I remember, when I was very little, I would be scared about everything. I would be scared about the weather, the people I socialize with, raising my hand in front of class, giving out speaches, etc. Plus, I was very shy. I was probably the shyist person ever. And the reason why I was shy, is because I don't want to be made fun of. I don't want people to think of me as an outcast of elementry school, which I pretty much was. Because I don't have the same interests. I don't have video games, I don't like pop music (when I was young), I hate PE, I don't read chapter books, and I don't like playing outside.
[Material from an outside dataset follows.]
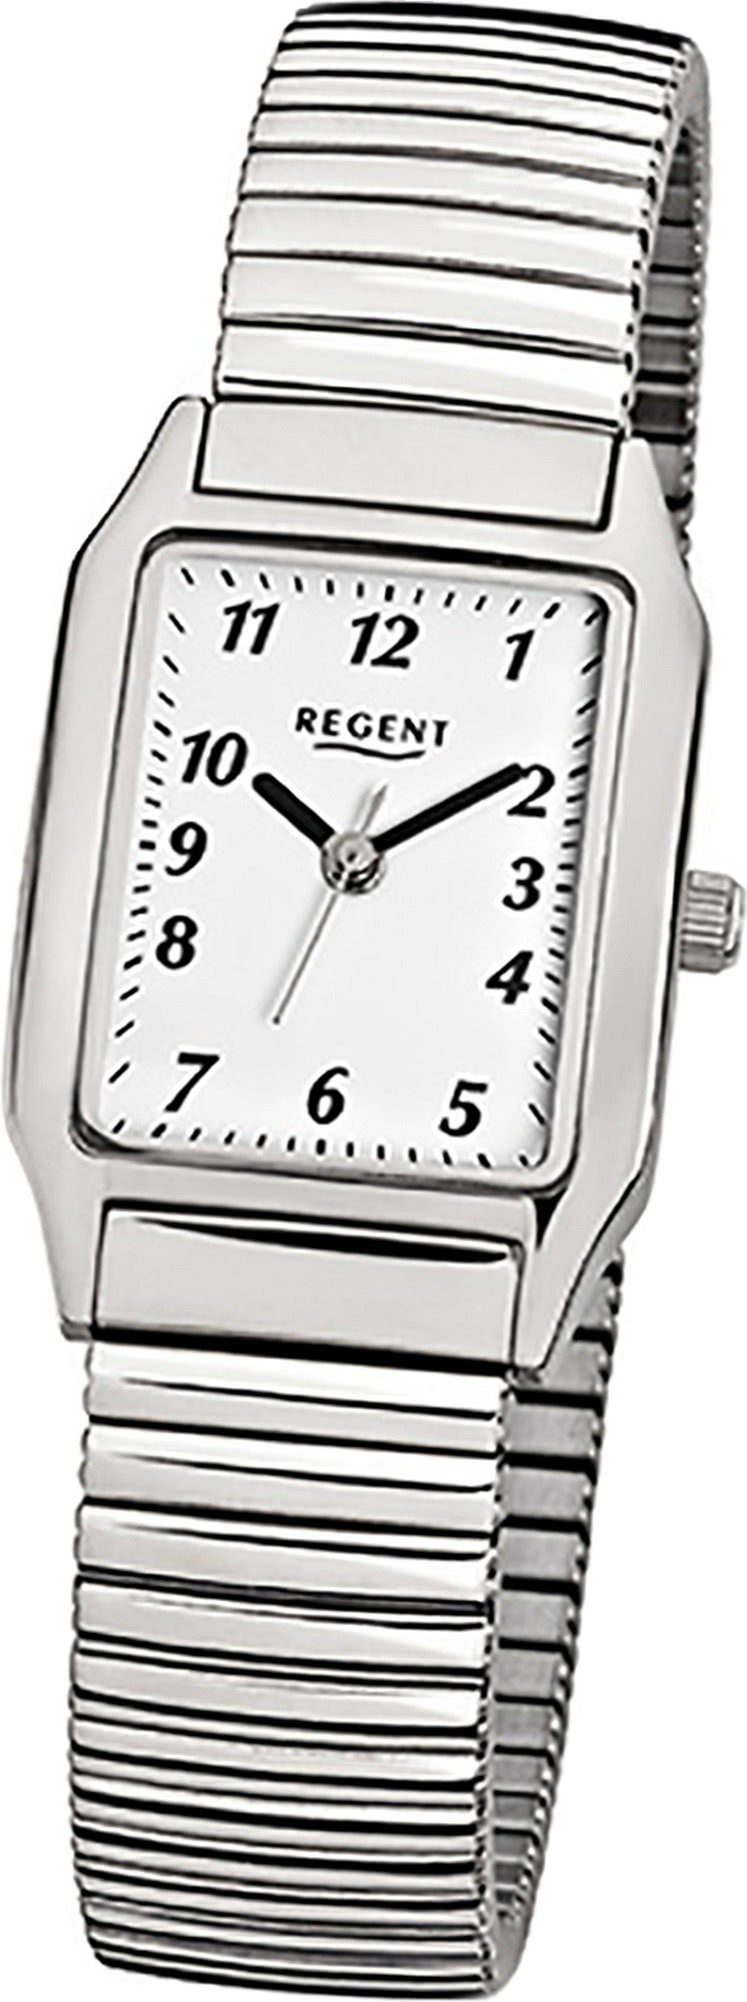 Regent Quarzuhr Regent Stahl Damen Uhr F-268 Quarzuhr, Damenuhr Edelstahlarmband silber, eckiges Gehäuse, klein (ca. 23x26mm)
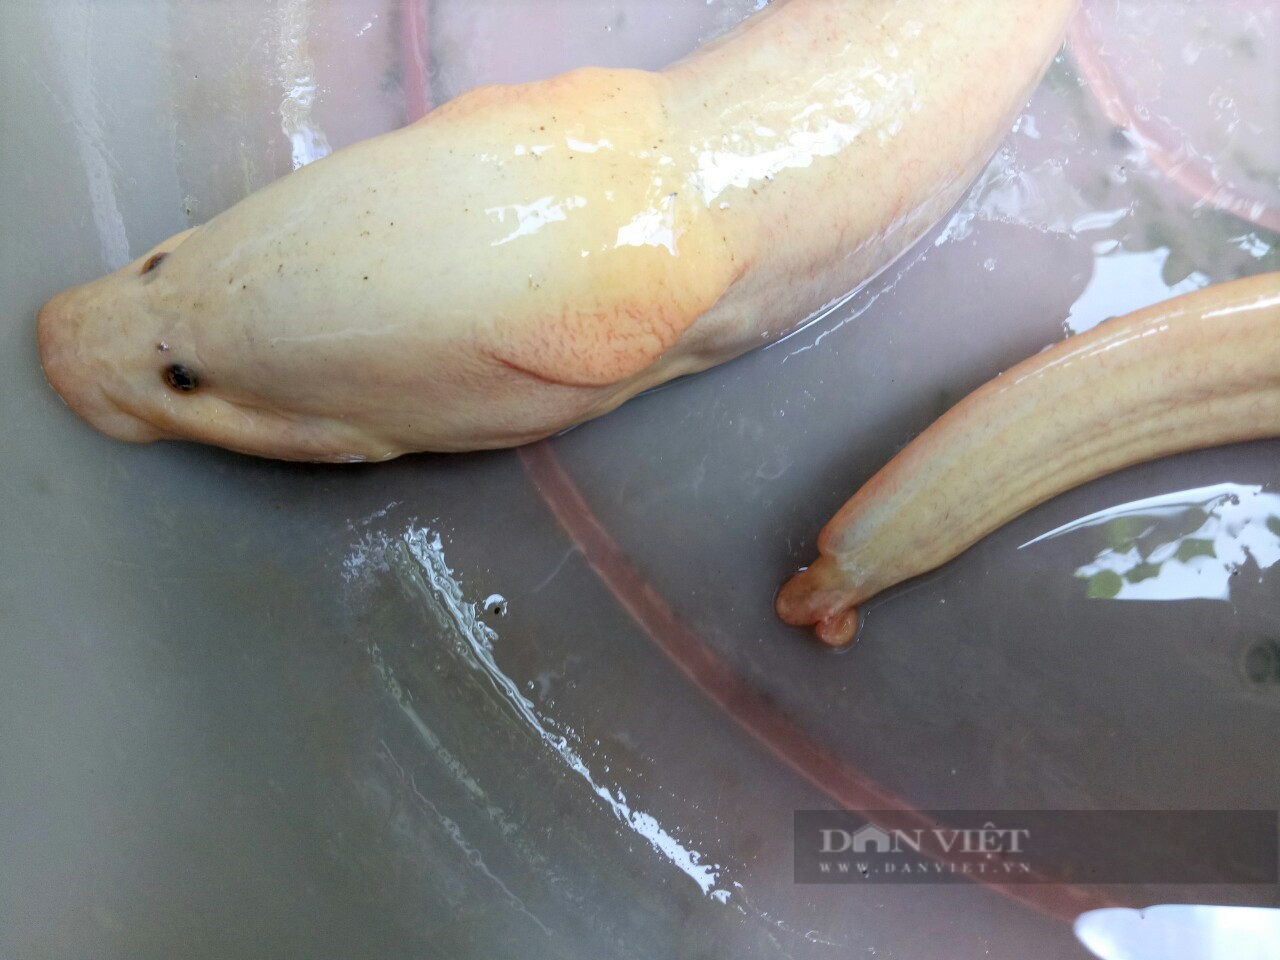 Lão nông Cà Mau sở hữu con lươn đồng màu trắng sữa hiếm gặp - Ảnh 3.

Then at home, I would usually watch the weather channel on channel 33. And whenever they would say, "The hurricane is coming right near Emily," then I would run downstairs and tell my parents. That is when I'm not introduced to geography at that time. I was pretty young, then. But, for years that would happen, me watching the weather channel, being scared about what's coming next even though it wouldn't reach where I live. Then, I started to have the worst kind of assumptions ever from just a tiny outcome. It's crazy! Like, one time, when I was 6, I was hanging out with Dylon, my neighbor friend, and he invited us in his yard. Then, 15 minutes later, we got caught, and Dylon's mother chased Dylon, Emily (my sister), and me with a broom. Then, I remember being lost, even though my house was a block away, and had horrible assumptions. One of them is if I would ever see my parents again. Another one is if I would be safe; would I survive. I took that fear all the way home, feeling glad that I could see my parents again and being safe and sound. But we told our tales to our parents, and they were furious. That's all I could remember from that event.
I have series of stories like that, but one of them happened very recently. I'm in high school, doing talent show auditions with my friend, and after we're done, she cried. I won't say her name, why she cried, or anything because it's too personal. So, I calmed her down, eased her, and we would talk. Just when I was about to get her home, she said that her sister would probably pick her up. So I left. An hour later, I found out that her sister is looking for her. I was out of my mind at that time. My brain was churning, and I was thinking what could possibly happen to her. I was the last one to see her, I thought, and so it was my responsibility that she was safe. I then thought that she ran away, had committed suicide, or something like that. Pretty horid thinking, but what else are you supposed to do? I was crying, praying, and even thinking about the possible outcome even though it didn't happen. Turns out, she was waiting for 2 hours for her sister. I should of come back to get her.